_TASK DIRECTIONS_:
Would you please output, word for word, the span of the listing below that opens on the line containing "Welcome Orbs Apparitions" and closes on the line containing "Dayflower (MQ3-54) - Colorxs Quad Palette"? Include both ends and nothing more.

_DATA SUPPLIED_:
+ + +

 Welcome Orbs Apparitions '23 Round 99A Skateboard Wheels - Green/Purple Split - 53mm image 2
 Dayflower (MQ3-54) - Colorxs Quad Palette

+ + +

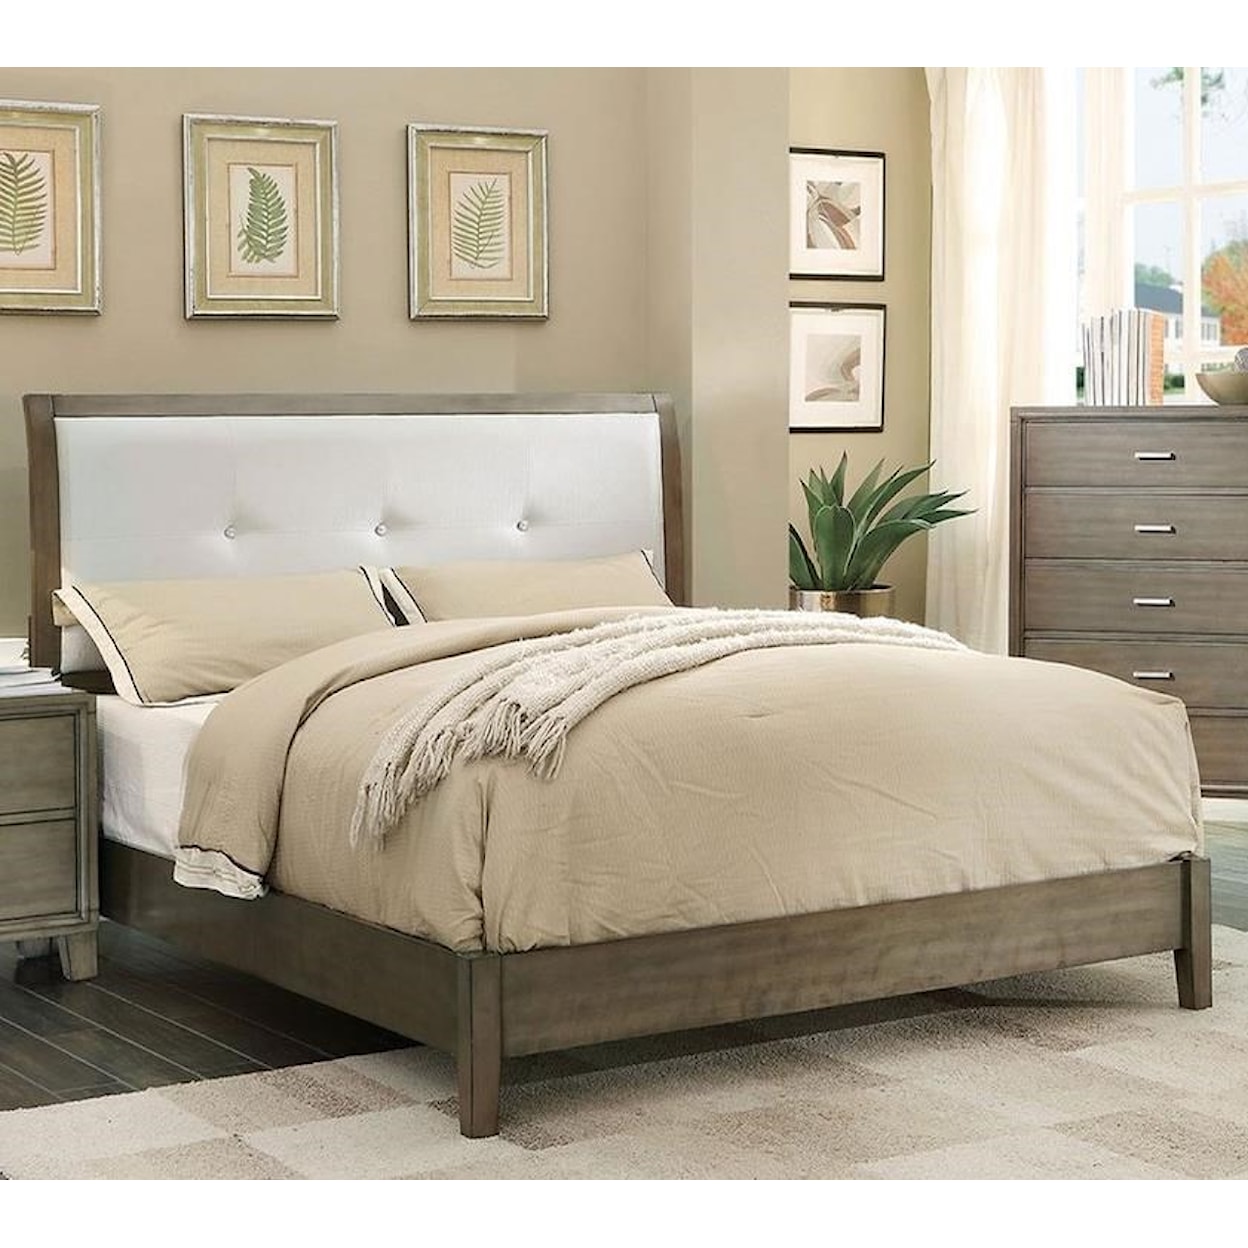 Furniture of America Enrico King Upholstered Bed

+ + +

_ANSWER BELOW_:
 Welcome Orbs Apparitions '23 Round 99A Skateboard Wheels - Green/Purple Split - 53mm image 2
 Dayflower (MQ3-54) - Colorxs Quad Palette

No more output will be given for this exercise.